What inspired you to pursue a career as a psychotherapist?
I realized I wanted to be a psychotherapist during my first year internship experience in graduate school. When I started social work graduate school, I planned to focus on policy and administrative work. However, during my internship I discovered that I loved working directly with people and saw the immense impact psychotherapy can have on a person’s life. Over the course of my graduate program, my interest in clinical work continued to grow and I realized that being a psychotherapist was a strong fit for my skills and interests.
As a psychotherapist, what part of your job is most satisfying?
The most satisfying part of my job is when someone is able to open up about something they have not been able to talk about before. It is incredible to watch how being able to share something painful or shameful and receive acceptance and support in return can impact a person.
How would you describe your therapeutic approach?
I believe positive change occurs from a combination of new insights, shifts in perspectives, changes in behaviors, and healing experiences. As a result, my therapeutic approach utilizes a variety of interventions, theories, and evidence-based practices to promote changes in each of these areas. I work together with my clients to determine which of these practices and interventions best fit their needs and goals.
Why do you believe that psychotherapy can help?
I believe psychotherapy helps by both being an avenue for learning and providing an experience of being understood and listened to. Therapy can help us learn about ourselves, including the impact of past experiences and how we relate to others, as well as learn new ways of managing problems and difficult emotions. I also believe the experience of exploring and sharing one’s inner experiences with a supportive and empathetic person can change how we relate to ourselves and the people around us.

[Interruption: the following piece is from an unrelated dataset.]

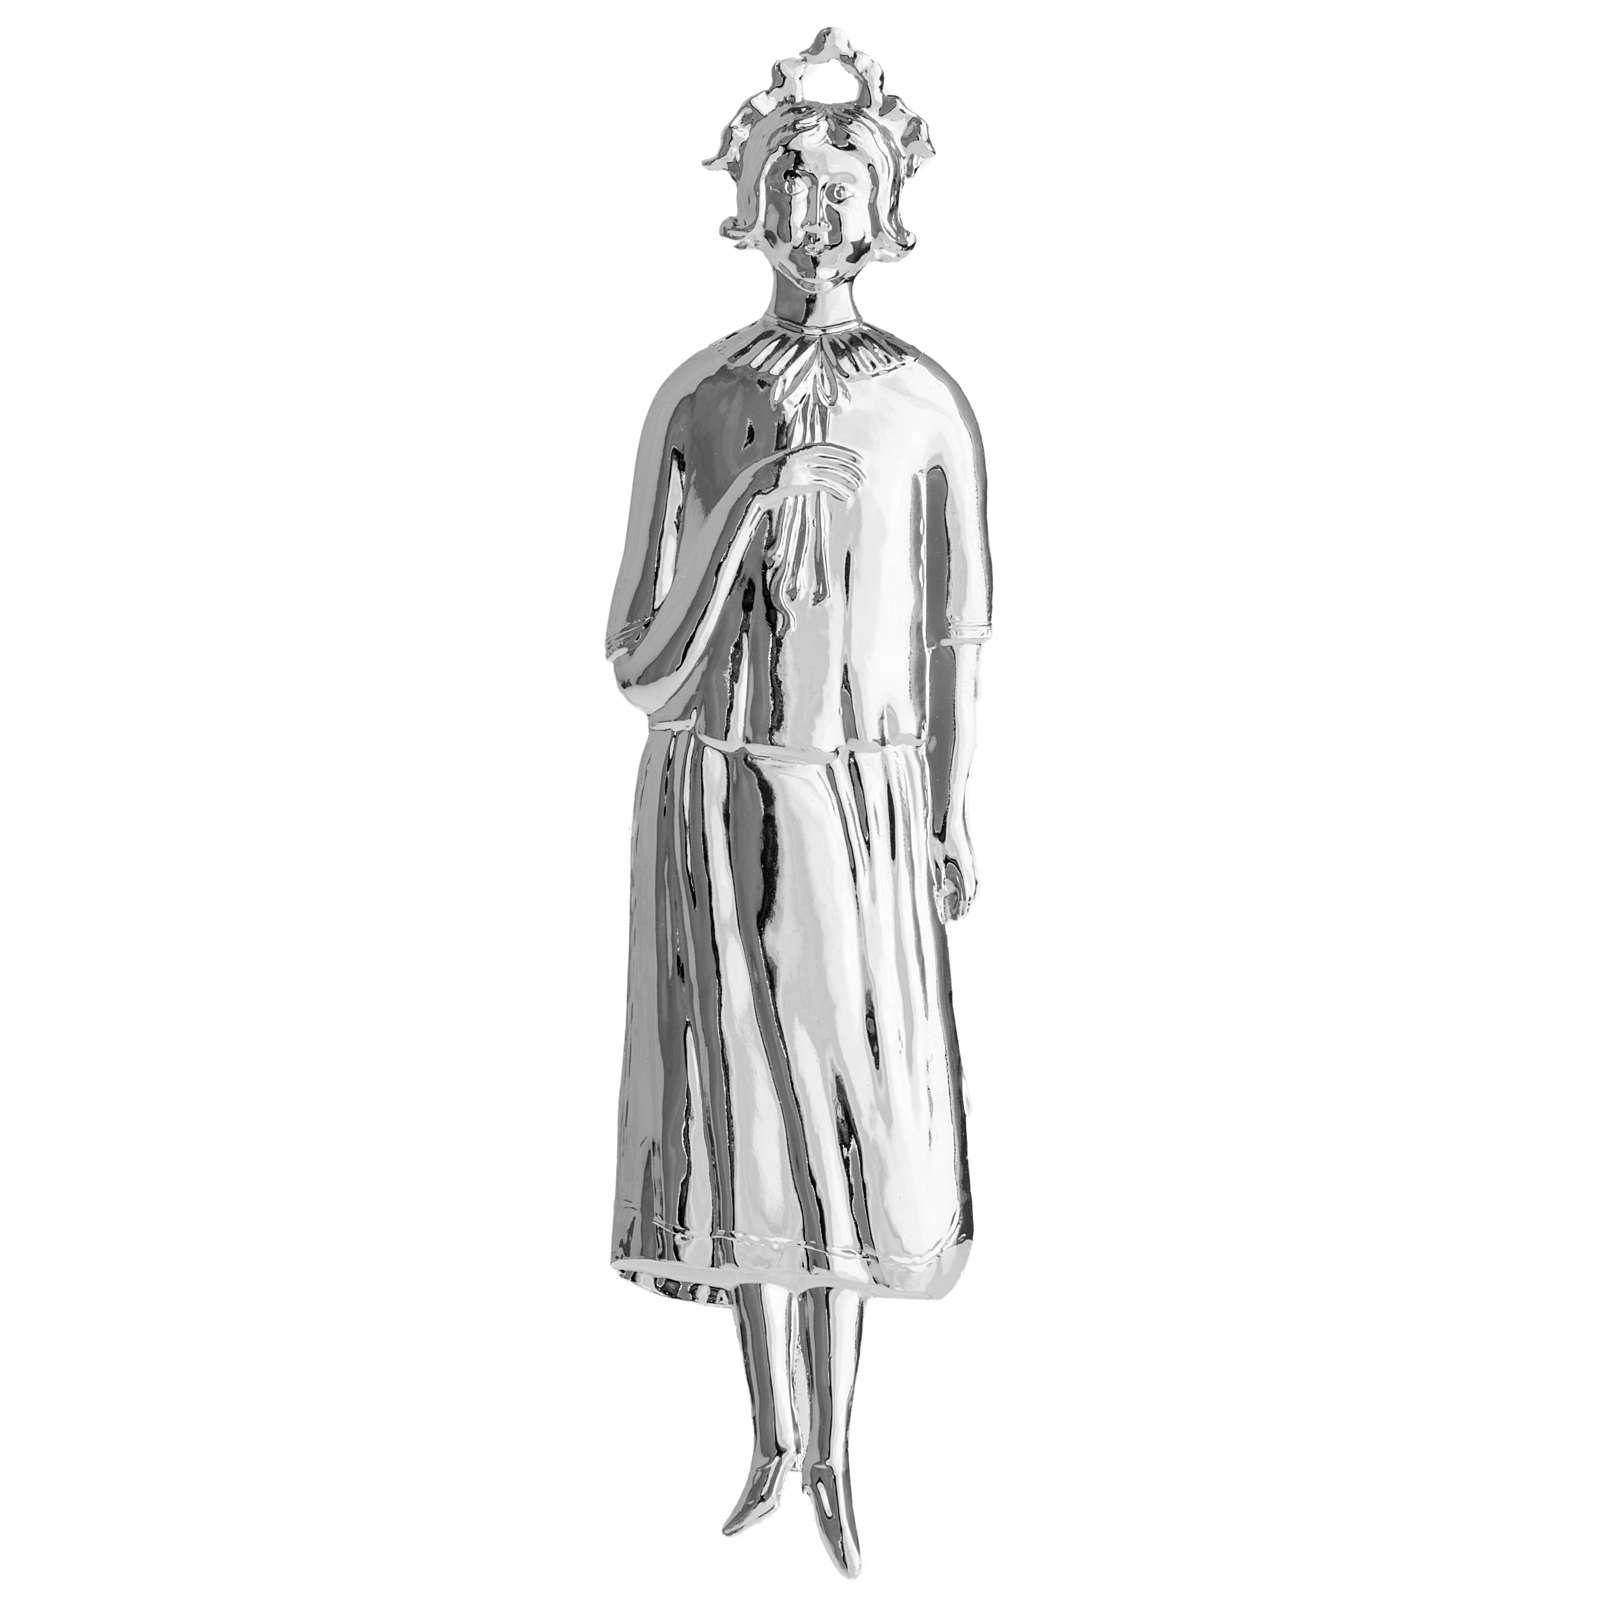 Ex voto donna argento 925 o metallo 20 cm 3

What are some of your specialties and what drew you to them?
Through my work and training experiences, I have specialized in treating perinatal mood and anxiety disorders and supporting individuals and families with challenges around pregnancy, childbirth, and the postpartum period. I was drawn to this specialty because I believe there is such a big need for more support for individuals and families during this time. I am interested in working on how therapists and the healthsystem can better provide this support and care. I also love working with this population because it is such an impactful time in a person’s life and psychotherapy can make a huge difference coping with changes and challenges associated with it. I have also continued training in psychodynamic approaches to psychotherapy due to its focus on the impact of past life experiences and the unconscious on mental health. I believe that sometimes understanding our past and its impact on our life today can be pivotal in making the changes we want for our future.
What is one thing about psychotherapy you wish everyone knew?
Sometimes people believe that therapy is just about talking about one’s problems which does not actually solve any issues or challenges. While it may be true that there are many problems we cannot immediately solve during a therapy session, I wish everyone knew that psychotherapy can greatly reduce the stress, shame, and distress associated with life’s challenges.
What is your motto or personal mantra?
One of my frequently used mantras is “perfect is the enemy of the good.” This phrase helps me remember to do my best rather than try to be perfect.
What are your favorite self-care activities?
I find activities where I get to make something such as crocheting or baking especially rewarding and energizing. I also love to relax with a good book or tv show.